Pitch your spirit above premium
While volume growth in the value segment was flat in 2015, at 0.1%, and growth was only slightly better for premium at +1%, volume growth for 'high-end' spirits was 7.1%, with super-premium only slightly behind at 6.5%. DISCUS defines super-premium as $30+ at retail. Categories such as US whiskey saw super-premium volumes leap by 25.2% last year, while super-premium blended Scotch grew 11.1%, super-premium Tequila was up 12.5% and super-premium Cognac was up 20.3% against an overall volume increase for Cognac of 14%. However, Nomura analyst Ian Shackleton noted that vodka's super-premium loss of 13.2% partly offset strong growth elsewhere.
Where to export
The top export markets by dollar value in 2015 were: The UK (+US$47.6m), Latvia (+$19.8m), Vietnam (+$11.3m), Japan (+$8.6m), Panama (+$5.3m) and Dominican Republic (+$4.1m).
DISCUS's SVP for international trade, Christine LoCascio, outlined ten export markets to watch in 2016. They are: UK, Japan, Latvia, Panama, Vietnam, South Africa, China, Dominican Republic, Brazil and Taiwan.
2015 Federal data shows that underage and binge drinking are at "record lows", according to DISCUS. There is also a downward trend in drink-driving fatalities, especially in the under-21s, where they reached a record low in 2014. The notion that younger LDA consumers are drinking less has been echoed throughout the trade - recent research from Heineken shows that Millennials don't want to get drunk and, among other things, embarrass themselves on social media.
DISCUS SVP for economic & strategic analysis, David Ozgo, predicts 2016 will bring wholesaler realignment and consolidation in the US. In January, Southern Wine & Spirits announced plans to merge with Glazers and Breakthru Beverage Group, the result of a part-merger between alcoholic drinks wholesalers The Charmer Sunbelt Group and Wirtz Beverage, became operational at the start of the year.

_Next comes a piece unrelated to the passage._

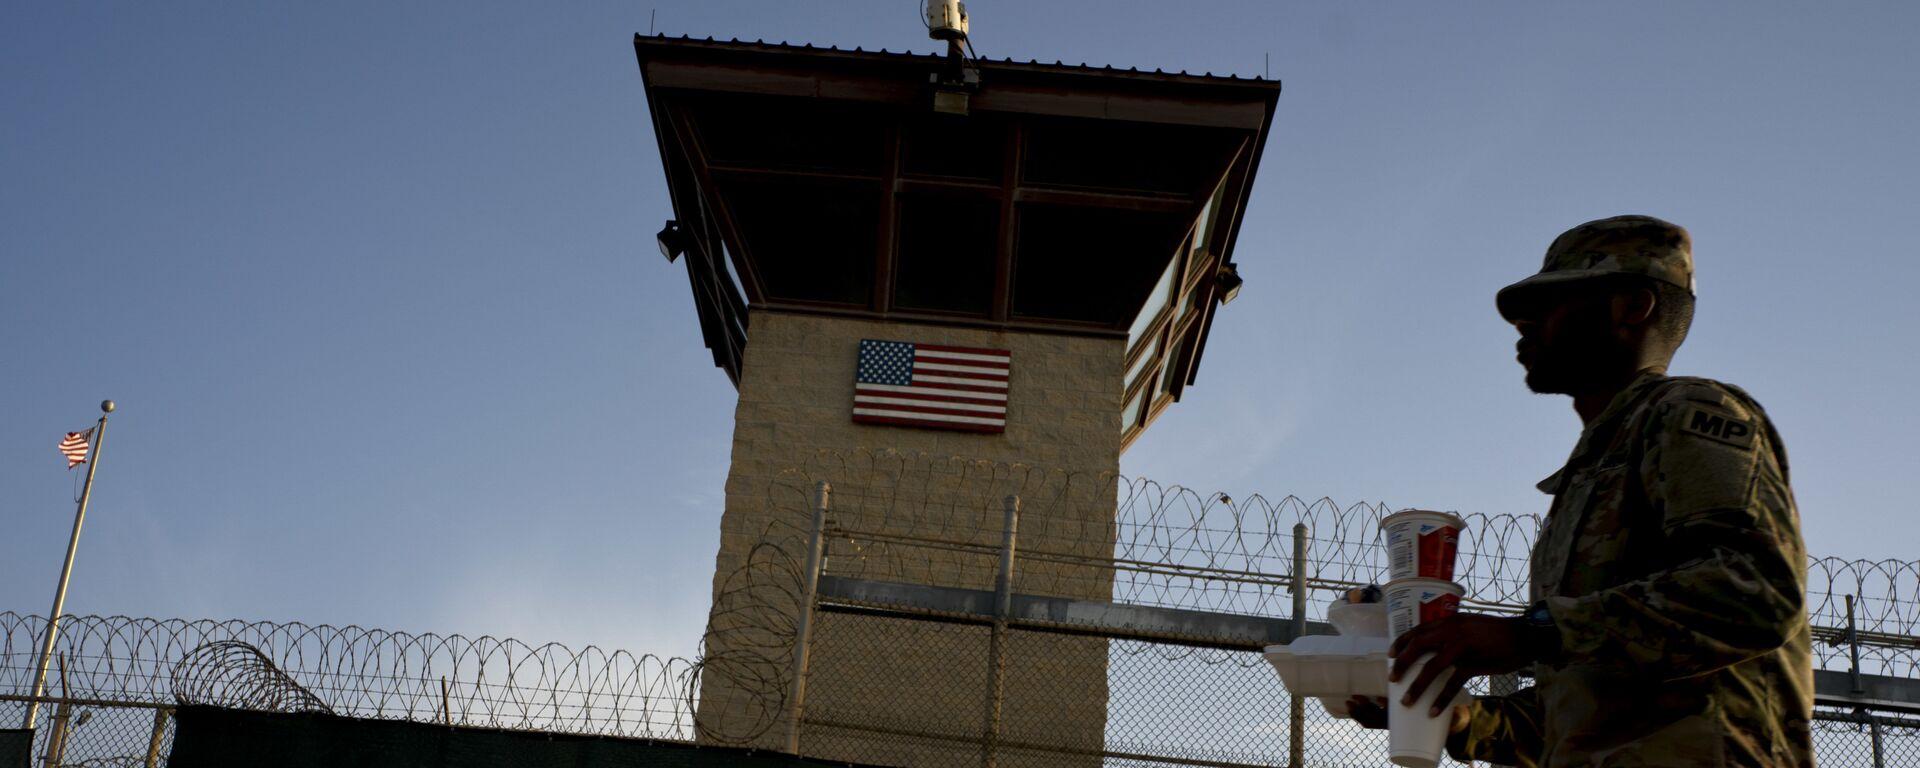 La base naval de la bahía de Guantánamo - Sputnik Mundo, 1920, 08.04.2021
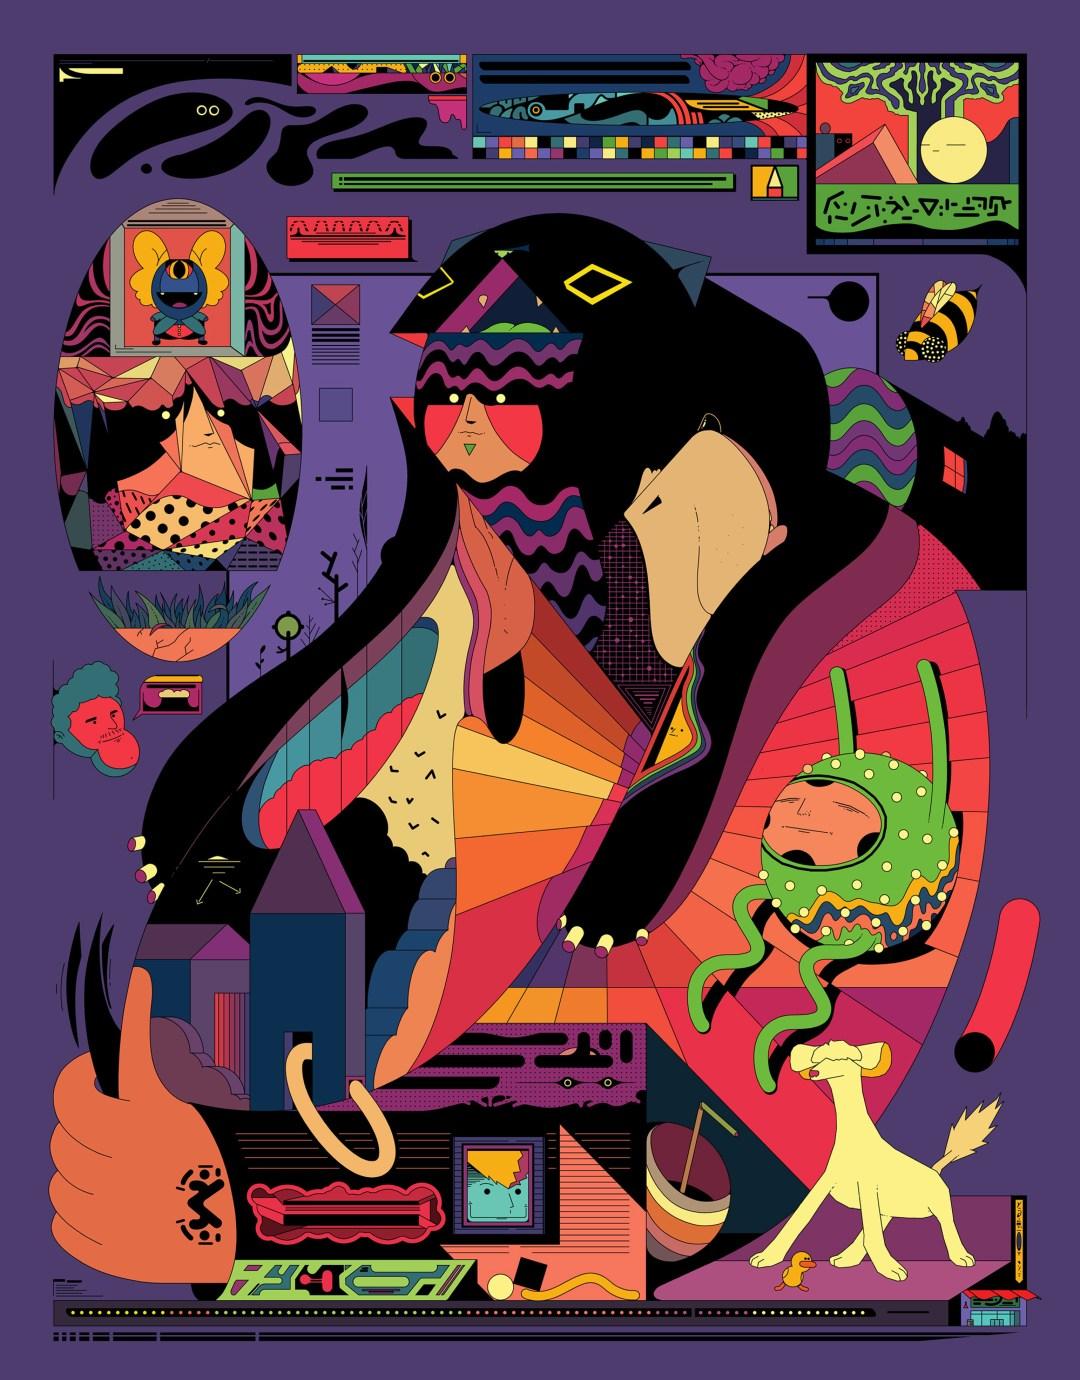 Fantastical Cartoons, Robotic Pets, and Vibrant Architecture Populate Digital lllustrations by Ori Toor

Following the DISCUS event, Nomura's Shackleton noted: "DISCUS sees consolidation improving the access to consumers." He added that Nomura had recently noted consolidation could lead to the "development of two more aligned systems in US wine and spirit wholesaling," which he believes could create efficiency gains for the industry.
The Millennial voyage of discovery is pushing innovation and premiumisation in the spirits segment, according to DISCUS. As well as new brands, we have recently seen long-established brands such as Diageo's Smirnoff, look to chase Millennial money. 2015's buzzword is set to continue into this year.
Craft and heritage
Whether you like the word or not, the craft movement continues to be a key contributor to the steady growth of the US spirits industry, says DISCUS. The number of micro-distilleries has gone from 92 in 2010 to around 750 in 2015, according to the trade group. But, Ozgo adds a word of caution: "Some will flourish, some will fail. Some will be acquired." On the overall heritage picture, consumer fascination with provenance looks to be "dovetailing with spirits' authentic heritage," he says.
Home run for home-trade
DISCUS predicts that delivery services will grow markedly in 2016. The likes of Drizly, Minibar and Amazon have been making great leaps to ensure home delivery meets consumer demands. From Drizly's recent partnership with food-focused social network Allrecipes to have both alcohol and ingredients delivered to the door, to Amazon's one-hour delivery service, drinking at home has never been so convenient for consumers to organise.
The health debate will continue
New US dietary guidelines define moderate drinking as one drink per day for women and up to two per day for men. The Dietary Guidelines for Americans 2015-2020 document also outlines drink equivalents, which show how different strengths of beer, wine and spirits compare. And, of course, there's a section on calories. Above all, though, the guidelines show that moderate drinking can be part of a healthy adult diet.